当最后一个胡人被钉在冰岩上时,枪尖的血珠尚未凝结成冰,顺着寒铁纹路滴落在《齐民新术》的竹简上,将"水利为农之本"几字染得猩红。
"西凉马云禄,谢过赵将军。"
少女摘下雪狼皮帽,露出被寒风吹红的面颊。
她腕间的银铃随抱拳动作轻响。
赵云收枪的手势微滞,半月前军情急报,马超为换曹营盐铁,欲将胞妹许给夏侯渊次子。
可眼前女子狐裘内衬的《泰律》残页上,竟用金线绣着批注:"禁以女易货"四字力透纸背,分明是女子自己的手笔。
"前方二十里便是屯田营。
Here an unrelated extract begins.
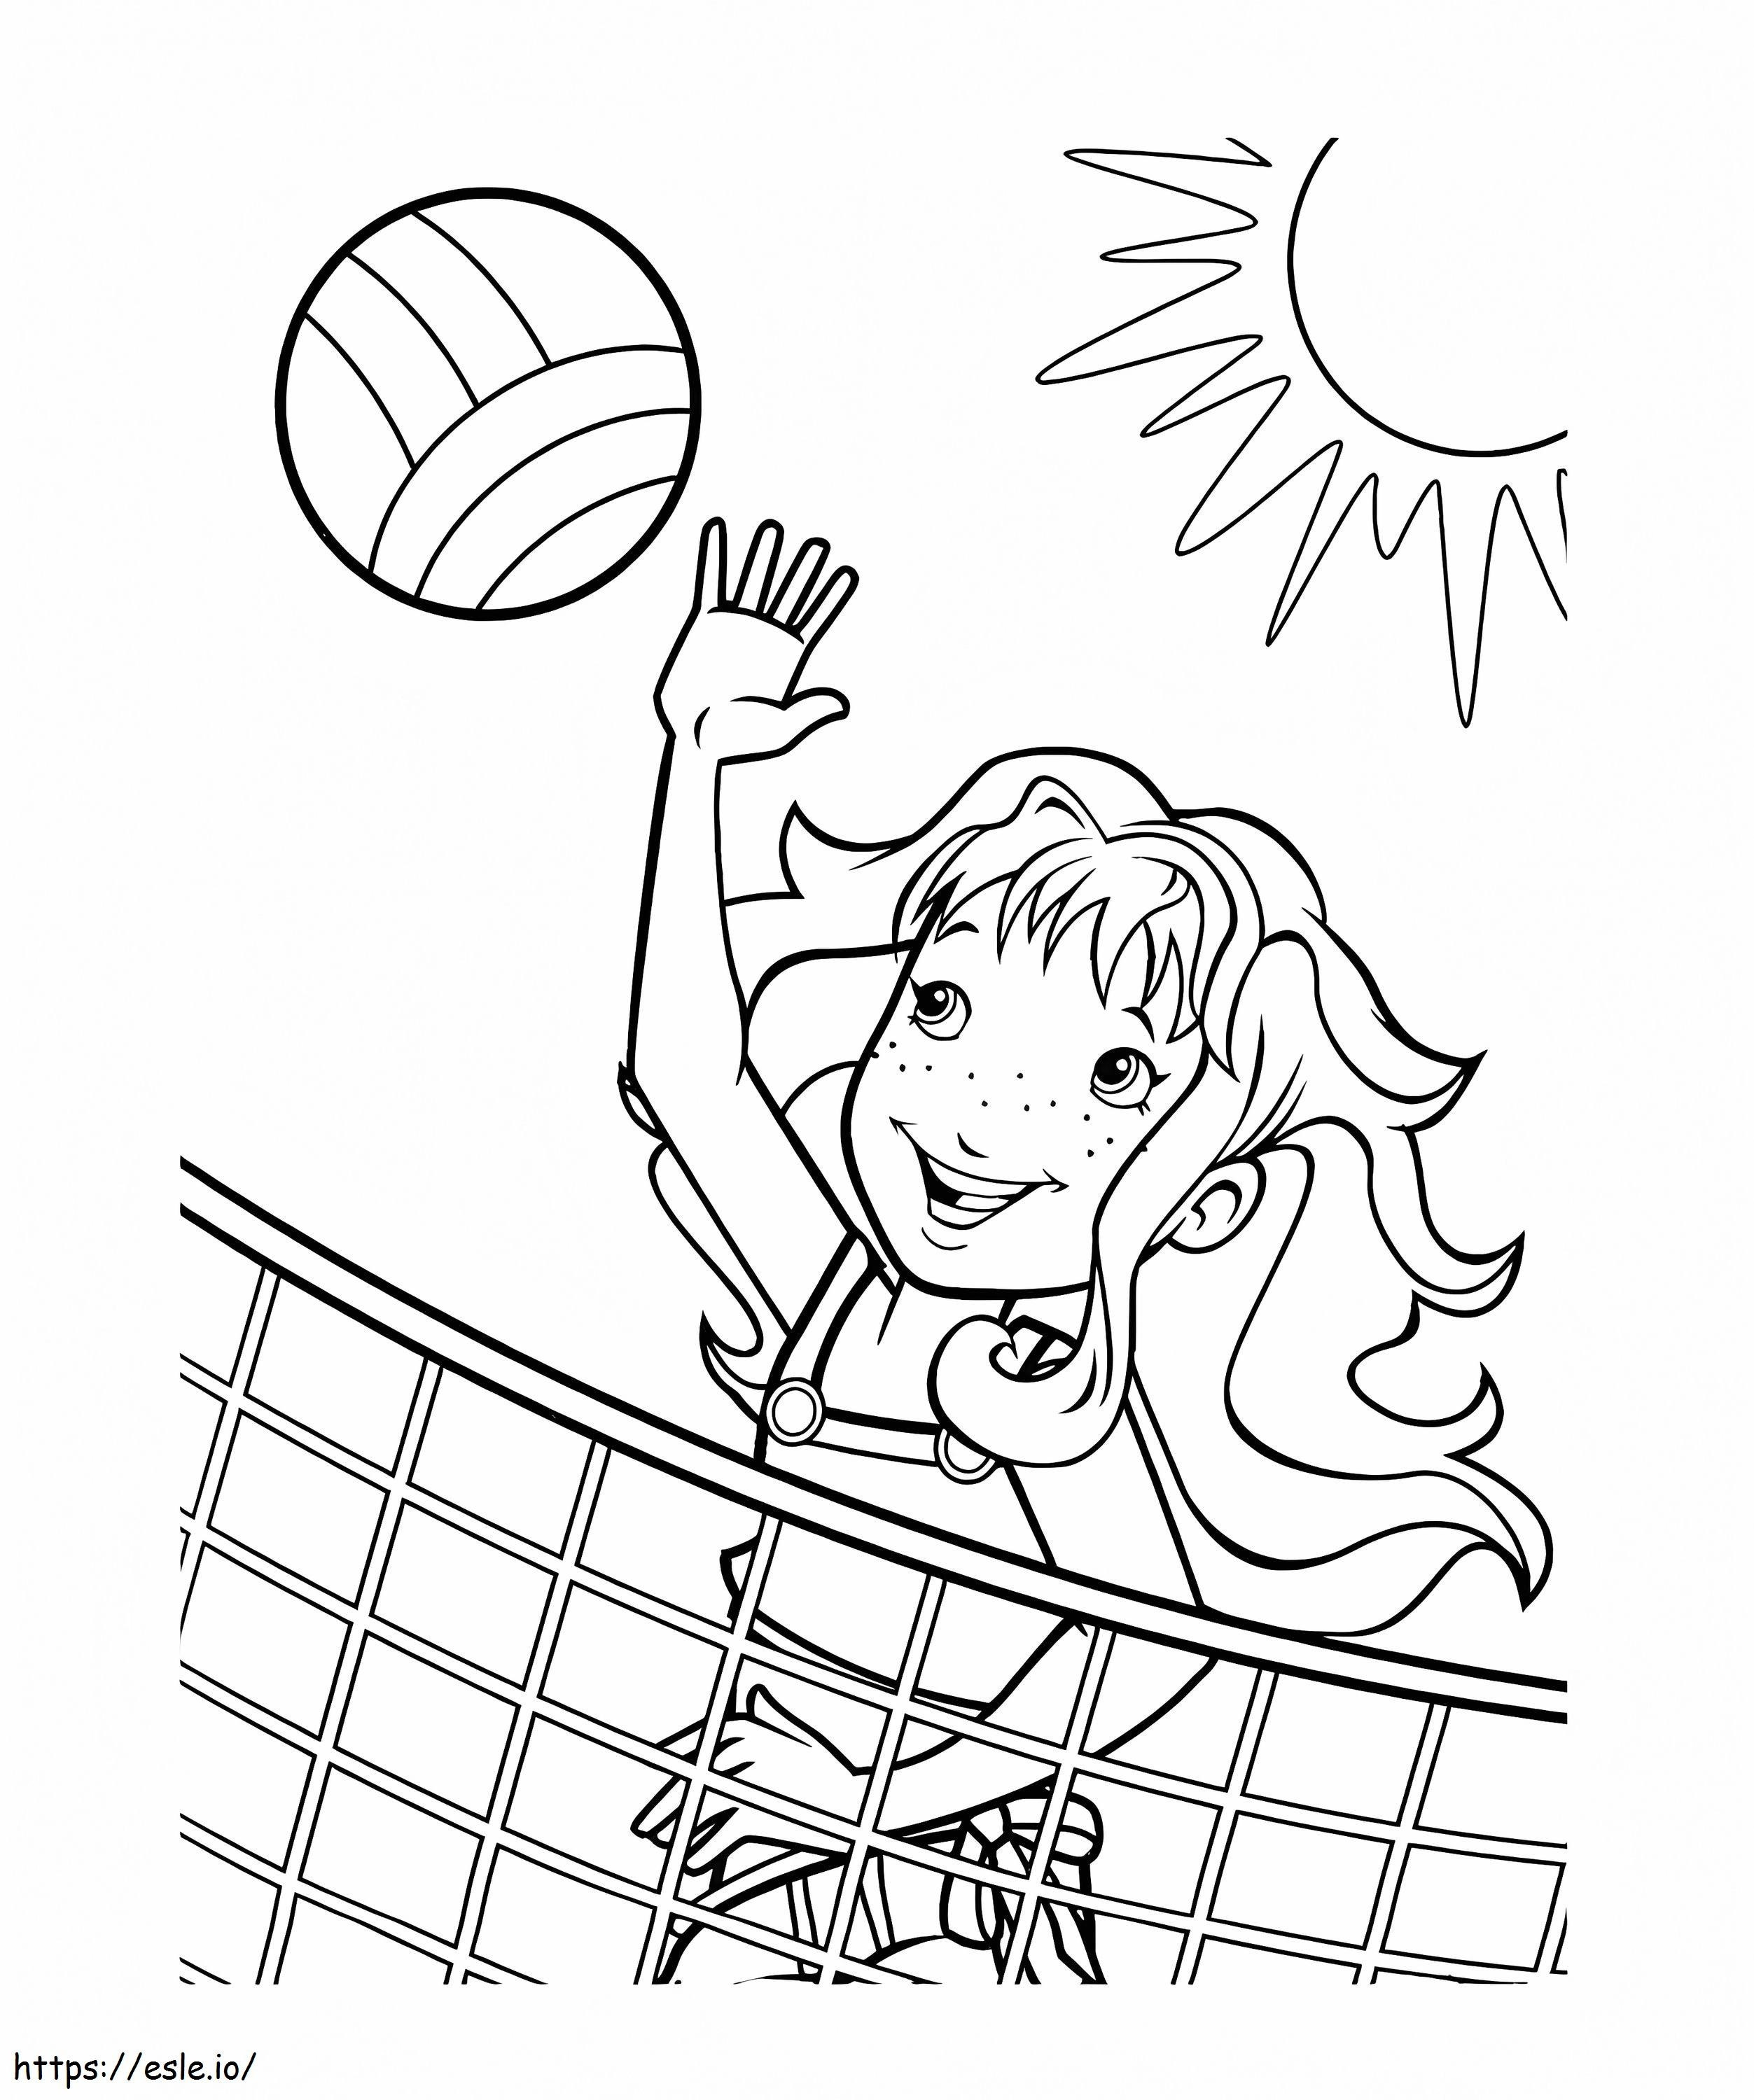 Ausmalbilder Mädchen spielen Volleyball ausmalbilder

"
他解下自己的玄色大氅抛去,氅衣内里绣着的麦穗纹在暮色中泛着暗金,
"马姑娘若要观新政,何须扮作流民?"
马云禄接住尚带体温的氅衣,指尖擦过内衬绣纹。
这些日子混在流民中所见所闻,比西凉贵族宴席上的密谈更令她震撼。
"将军可敢与我打个赌?"她突然扬鞭指向炊烟升起的村落,九节鞭梢的银铃撞在冻硬的柳枝上,惊起一群啄食草籽的麻雀,
"若我能修好阳曲县的水车,你便教我枪法。"
赵云丹凤眼微眯。暮色中的女子眸光明亮如星。
子时的屯田营火光通明,马云禄赤脚踏进结冰的渠水。
墨家弟子正要阻拦,却见她从怀中掏出《公输残卷》,泛黄纸页间赫然画着改良版的齿轮组,页脚密密麻麻的批注竟是用西域火油写的,遇热便浮现出深蓝图文。
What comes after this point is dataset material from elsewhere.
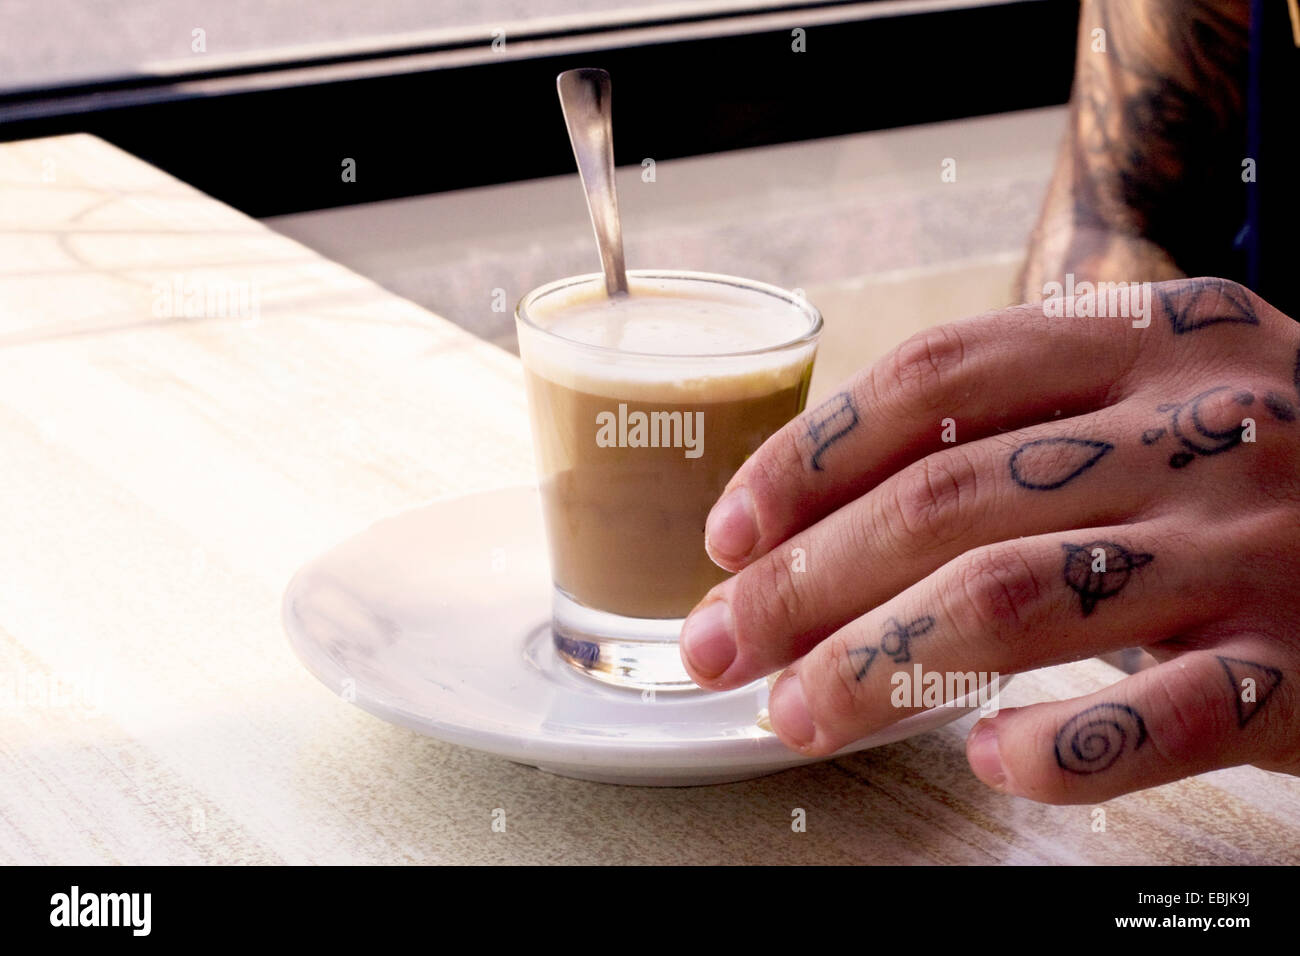 Tätowierte Hand des jungen Mannes und Kaffee Shotglas am Café-Tisch Stockfoto

"寒铁轴承要斜打三寸。"她咬住银簪绾起青丝,冻红的手指将损坏的齿轮卡进榫卯,
"西凉匠人用这法子修过玉门关的闸口,你们墨门讲究'天志',我们马家只信'人定胜天'!"
赵云抱枪立在渠畔,看那抹赤色在工匠间翩跹如蝶。
她调试机括时的果决,像极了沙场陷阵的狼骑,铁锤砸在寒铁上迸出的火星沾在袖口,烧出焦黑的破洞;教流民孩童认齿轮时的耐心,又似泰山书院的女先生,指尖蘸着雪水在冰面上画出行星轮系图。